# Aquarium stand made out of reclaimed pallet wood



## matnez82 (Dec 11, 2012)

Just thought I would share with you guys the stand I made for my Fluval Spec v. 

It is completely made out of all reclaimed wood so the total cost of build was £0.00

A simple frame was made then the sides and doors where cladded with pallet wood. Solid oak was used for the top which was an off cut of a kitchen worktop.

I then painted the outside with some chalk paint with I had lying around.

This is the first time I have ever made anything like this so I'm ecstatic about the finished product. It turned out exactly how I pictured it in my head which is a rarity.


----------



## temple2101 (Jun 6, 2012)

Nice "green" idea! I like it!


----------



## Wy Renegade (Nov 29, 2011)

Nice use for all those old pallets.


----------



## Bryanmc1988 (Apr 3, 2012)

hey if its free whos to complain =) count me in lol


----------



## steven p (Jun 22, 2012)

it looks fantastic, and rather classy as well..


----------



## whickerda (Sep 22, 2009)

Very Nice!
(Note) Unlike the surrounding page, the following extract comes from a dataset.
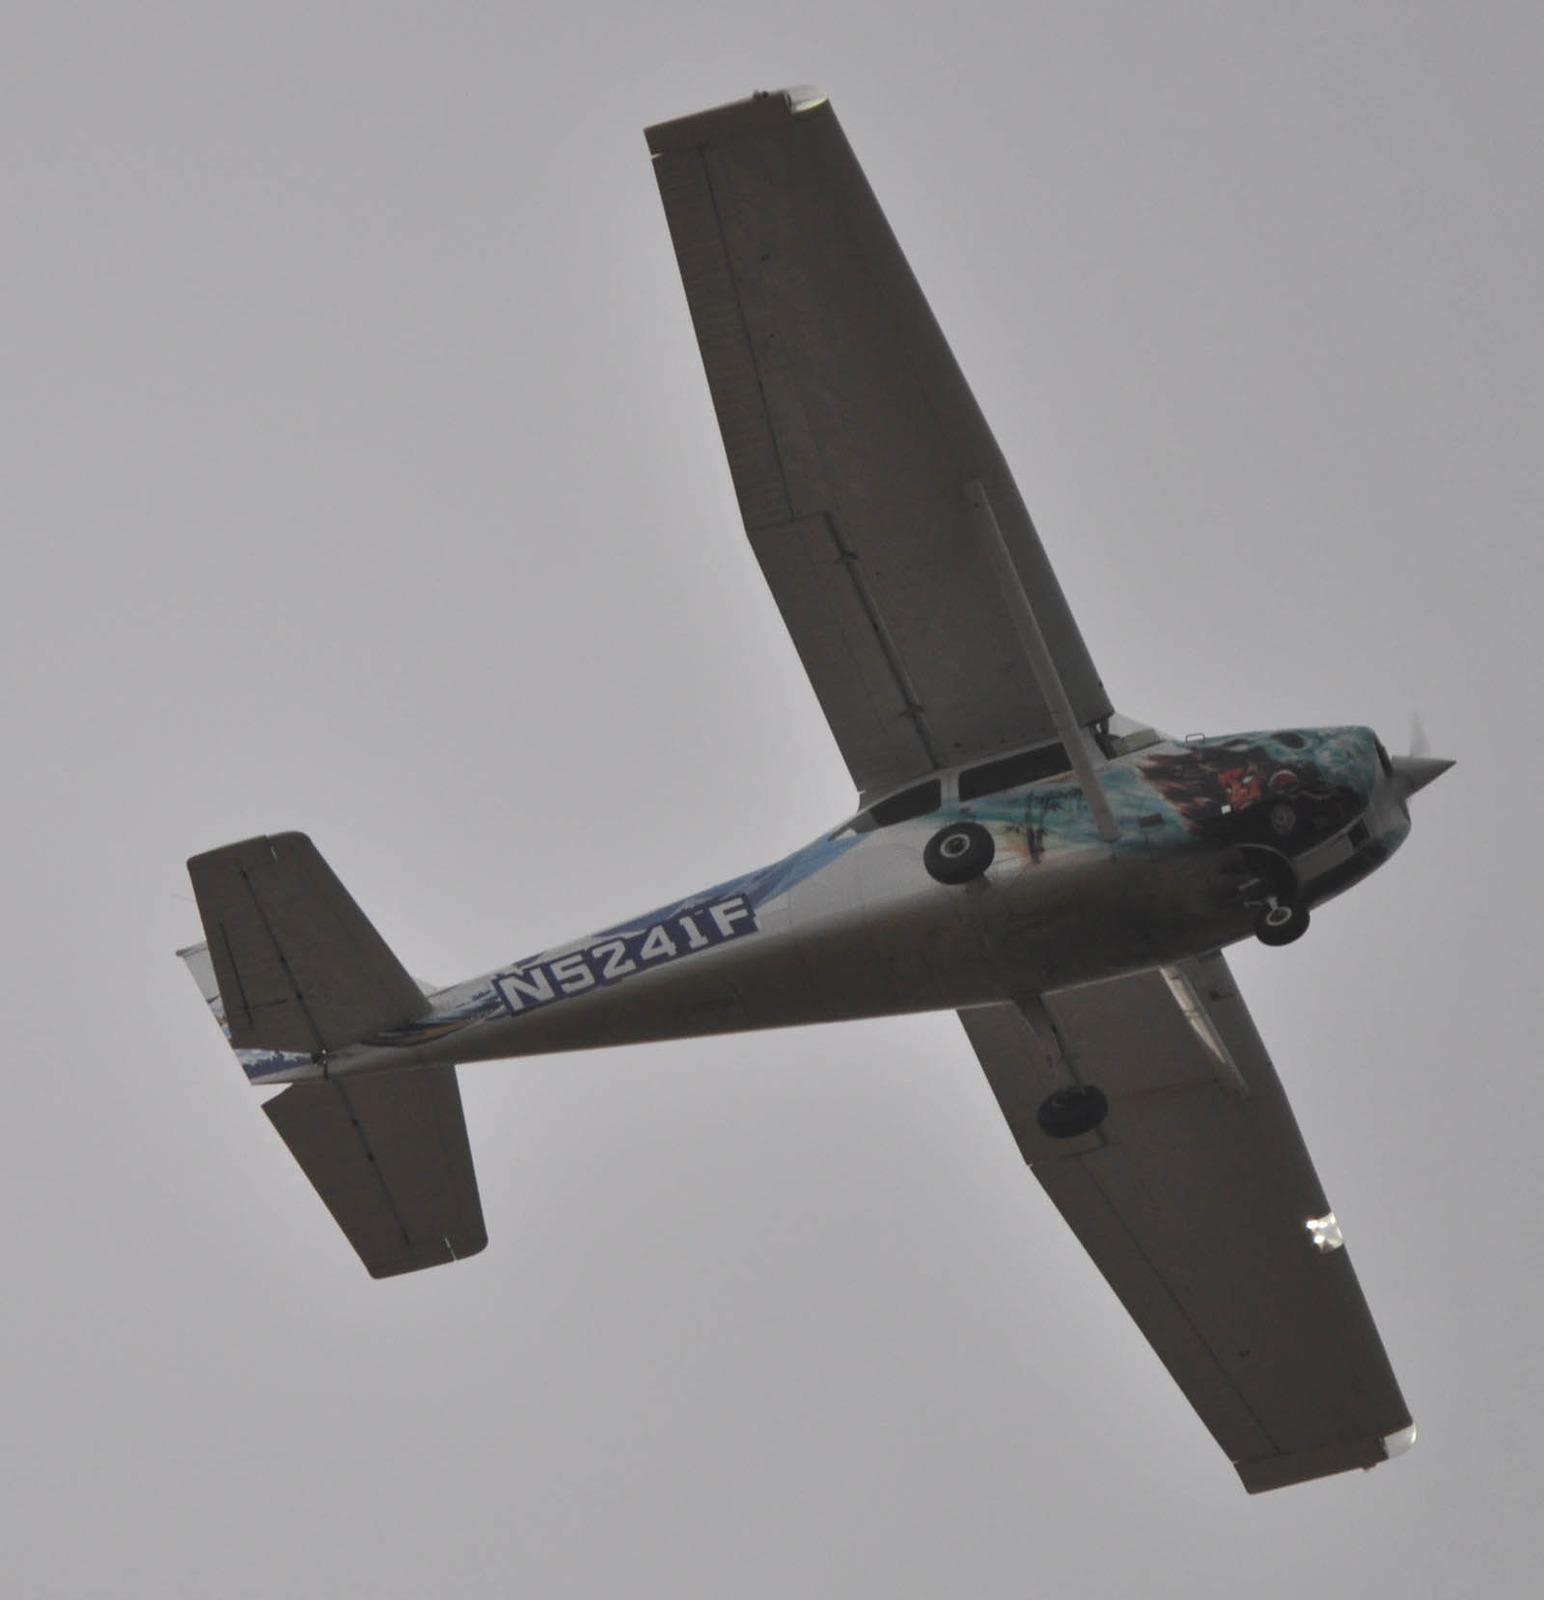 Cessna120104g832

I love projects like this and yours turned out very well.


----------



## golfer_d (Oct 3, 2012)

that is awesome....nice job!


----------



## GraphicGr8s (Apr 4, 2011)

Sweet. Here in the states many pallets are made of oak. Not the best quality oak but if you plane it down it's stainable.


----------



## DKShrimporium (Nov 23, 2004)

Wow, that is terrific, both the recycling and the craftsmanship. I really really like what you did.

DK


----------



## laqu (Oct 17, 2012)

i LOVE it...


----------



## shloken38 (Aug 17, 2012)

Awesome work man! I envy your creativity.


----------



## slavecorps (Jul 7, 2009)

Great looking stand. Time to keep an eye out by the dumpsters outside of my dorm for a usable pallet. Seems like all the good stuff gets thrown away when I'm not looking for it.


----------



## MiniFishRoom (Mar 23, 2012)

Awesome Job and it looks Pretty Sweet too!


----------



## Diana (Jan 14, 2010)

Really nice, rustic look! 
I think I will start grabbing pallets!


----------



## CoffeeLove (Oct 31, 2012)

Love it. Great job man

Sent from my SPH-L710 using Tapatalk 2


----------